I mediocri della Terra

«Per tanto tempo ho guardato con ammirazione i grandi della Terra; che uomini, pensavo, straordinari, gente che si sacrifica per il suo popolo, che fa rinunce alla propria vita normale per beneficiare la massa. Beh, mai mi son sbagliata più clamorosamente di così!

Non sono i migliori a riuscire, ma i mediocri! È sempre più palese: alcuni sono più bravi di altri e quindi si scoprono sulla lunghezza. Penso a Silvio: ha fatto una fortuna insieme a vari compagni di merende, ma non è certo persona osannata e di alto spessore morale. Però, come tutte le persone di bassa statura, ha saputo dare calci agli stinchi quando necessario.

Poi, andando all’estero vediamo una grossa proliferazione di tiranni. Il cicciottello coreano che ordina fucilazioni come noi ordiniamo al “Pronto pizza”. Il negretto “yes we can” che ormai non sa più come dimostrarsi democratico e quindi allerta portaerei a tutto spiano e poi ci ripensa. La famosa “forte di sedere” che se ne sbatte del resto del mondo perché impegnata a rivincere ancora. Il kazako che decide come vuole lui e che nessuno ostacola.
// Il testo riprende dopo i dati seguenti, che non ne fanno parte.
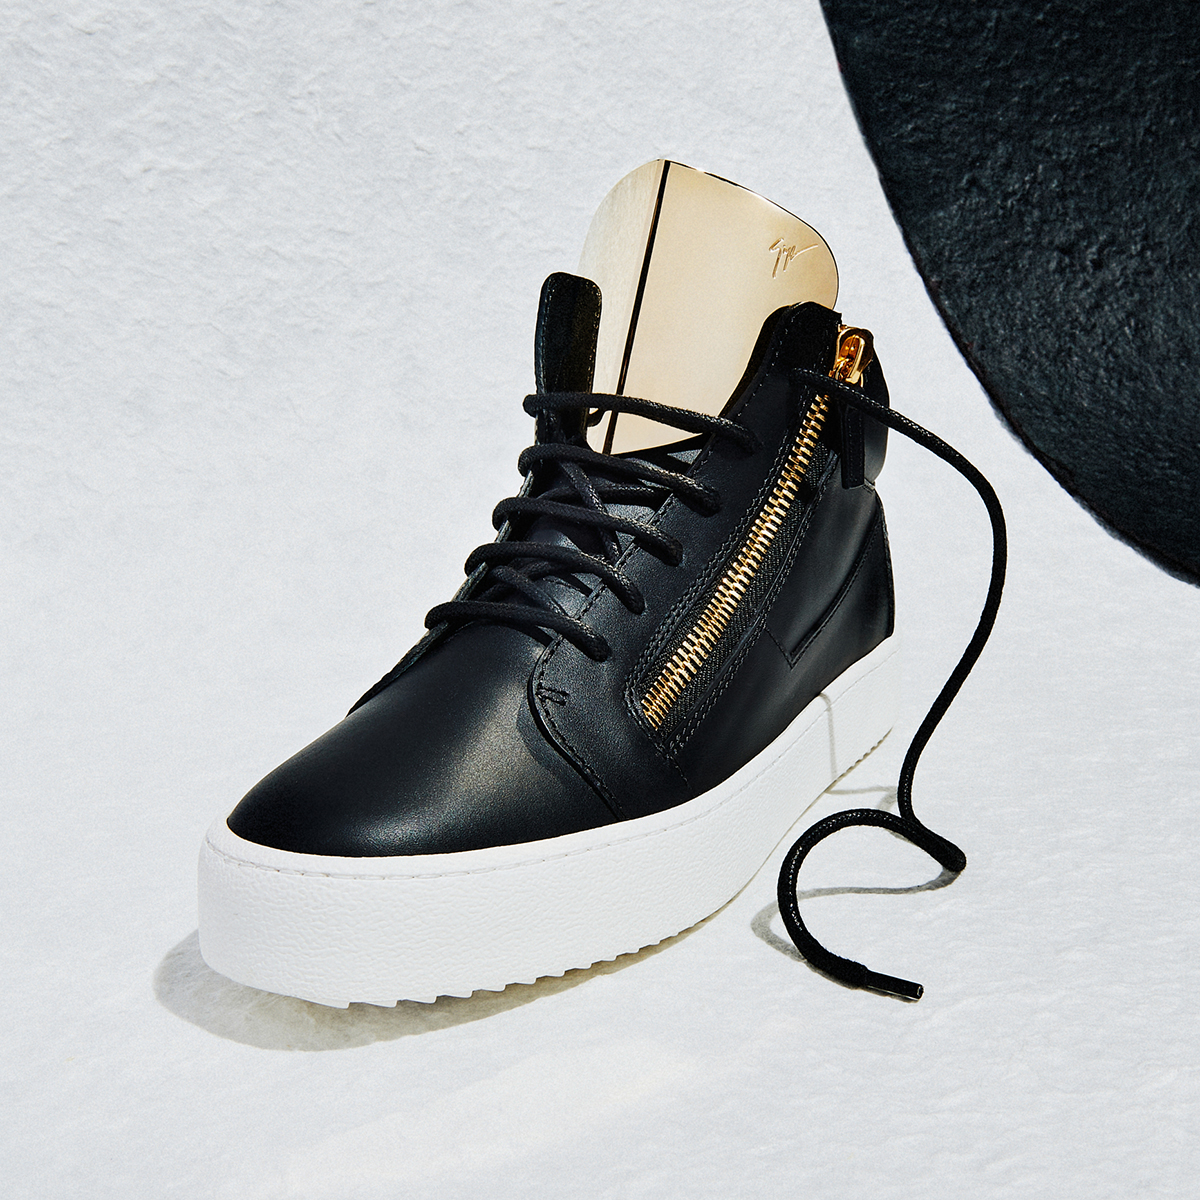 Støvet Donau krybdyr Giuseppe Zanotti® Outlet: Italian Designer Shoes Online
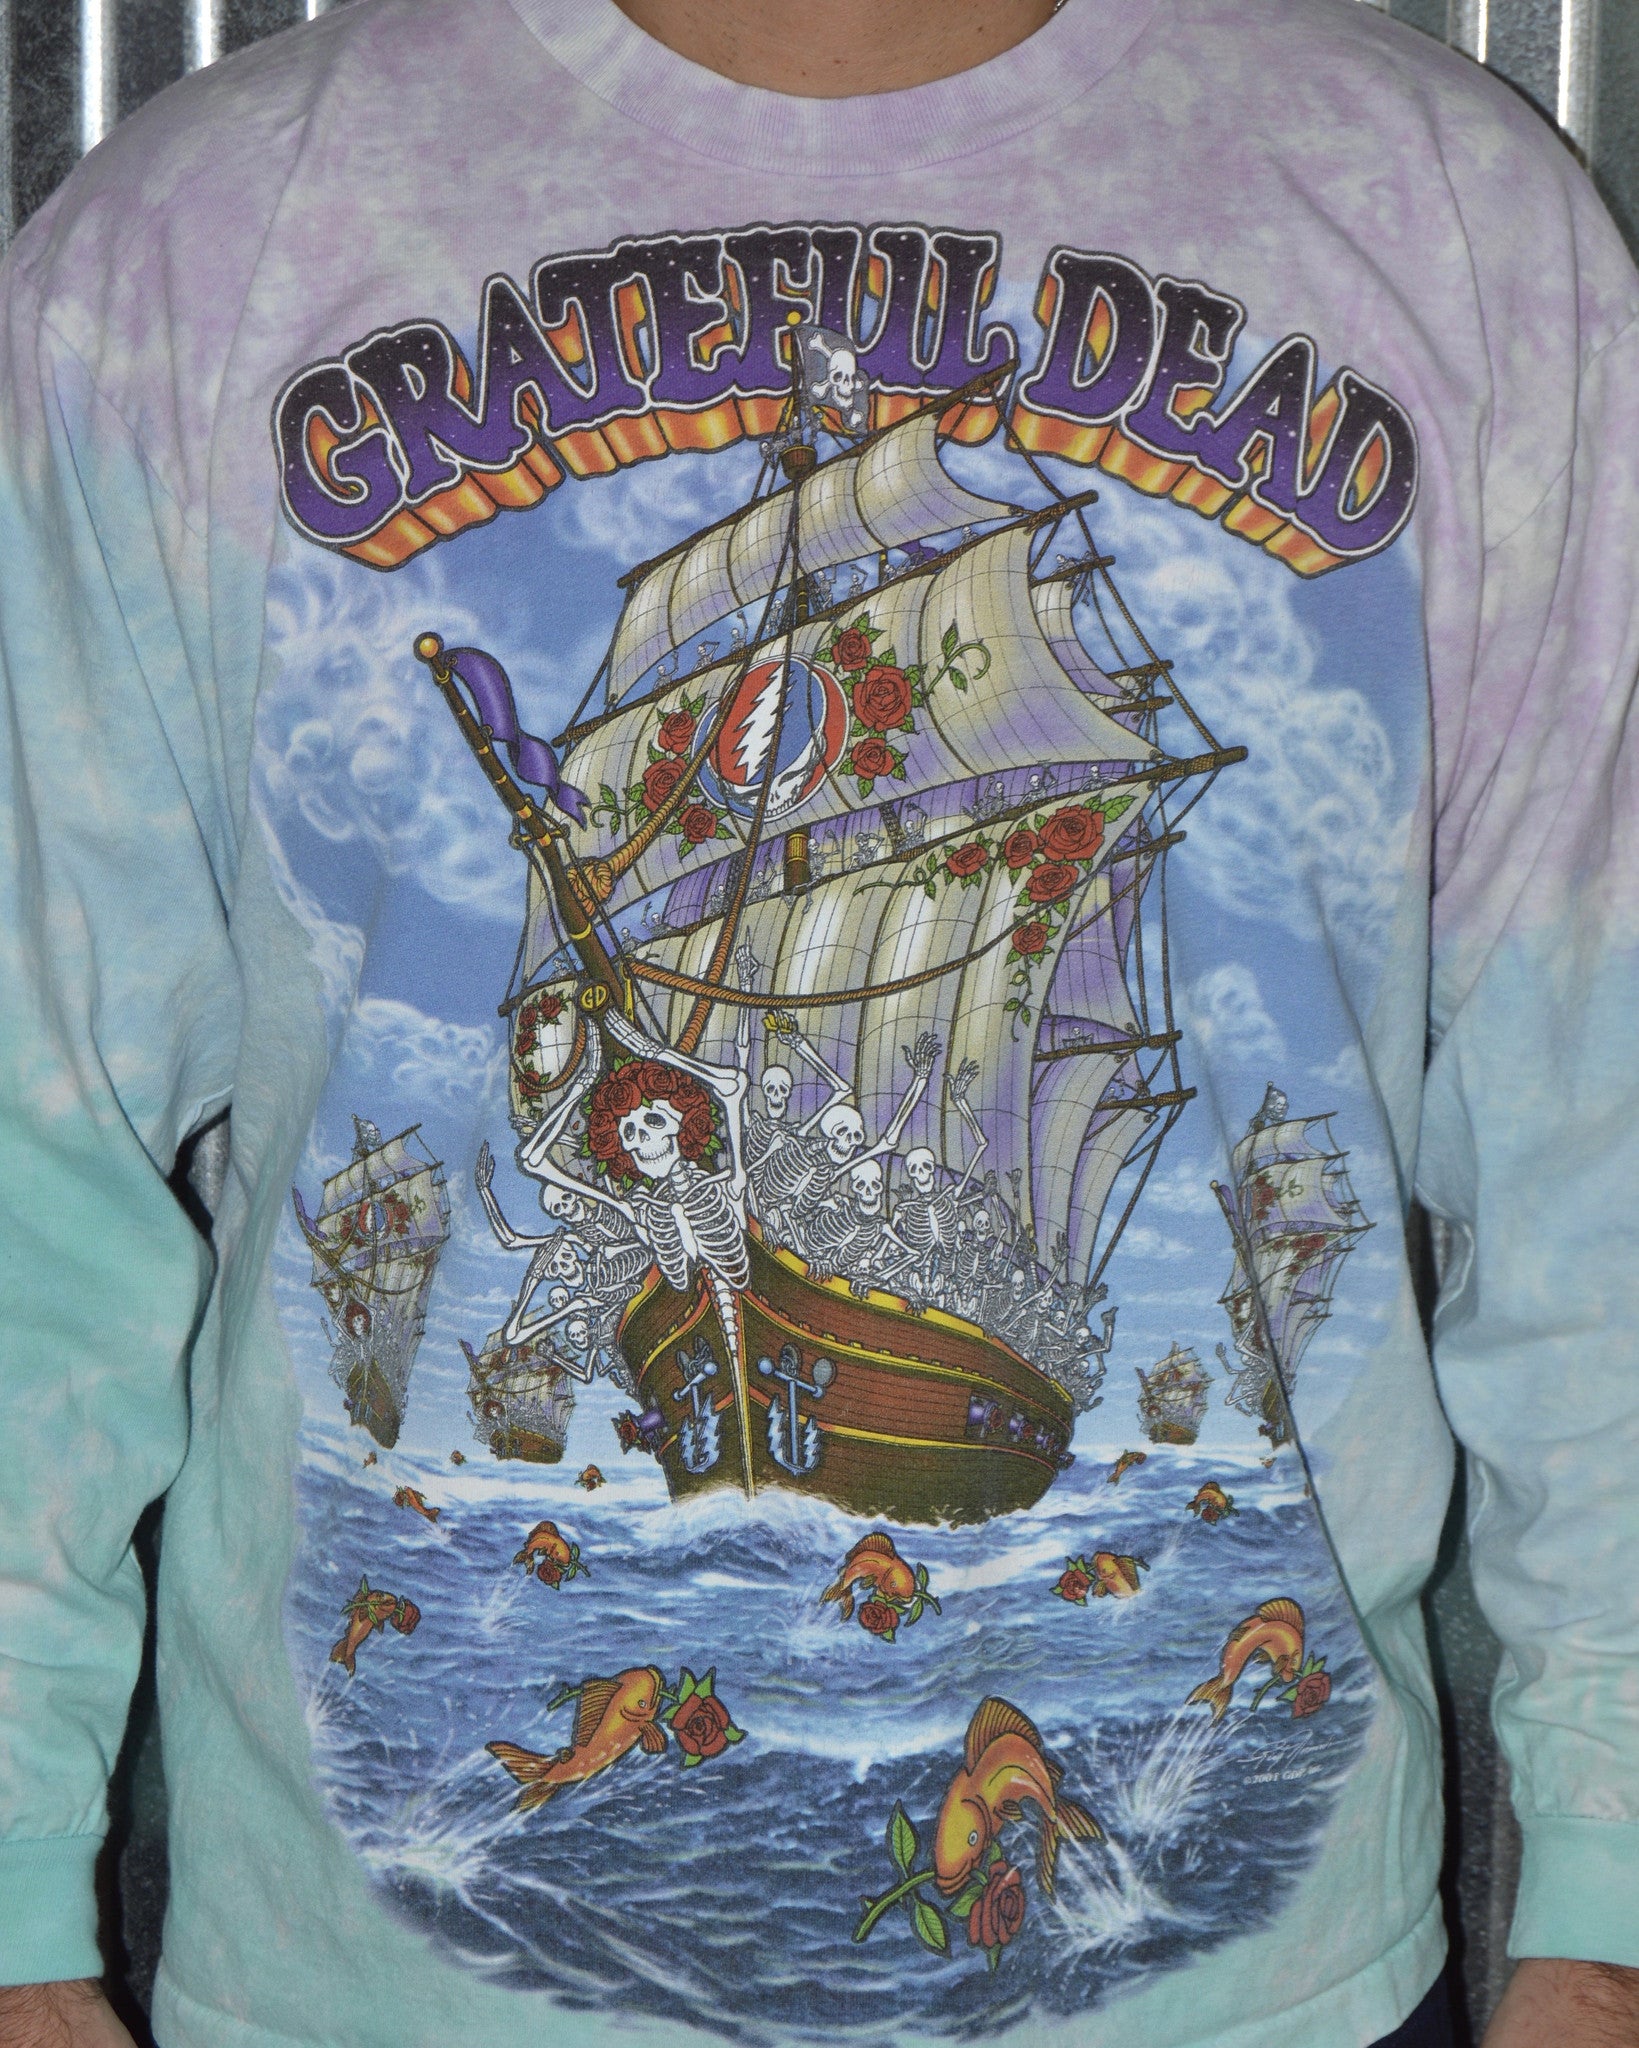 Vintage Grateful Dead Ship of Fools Tie Dye Band T-Shirt sz L

Ecco, ditemi voi, sono forse persone straordinarie? Gente speciale? No, assolutamente no; sono sicuramente il concentrato di grande supponenza e presunzione e anche una buona dose di peluria su vari organi.

Certo lo scenario è grave. Da quando è morto il buonsenso e lo spessore morale non si sente tanto bene, il mondo è in peggioramento. Se volessi trovare una figura a cui affidare le mie speranze, oppure far riferimento, non potrei che trovare un uomo come Papa Francesco.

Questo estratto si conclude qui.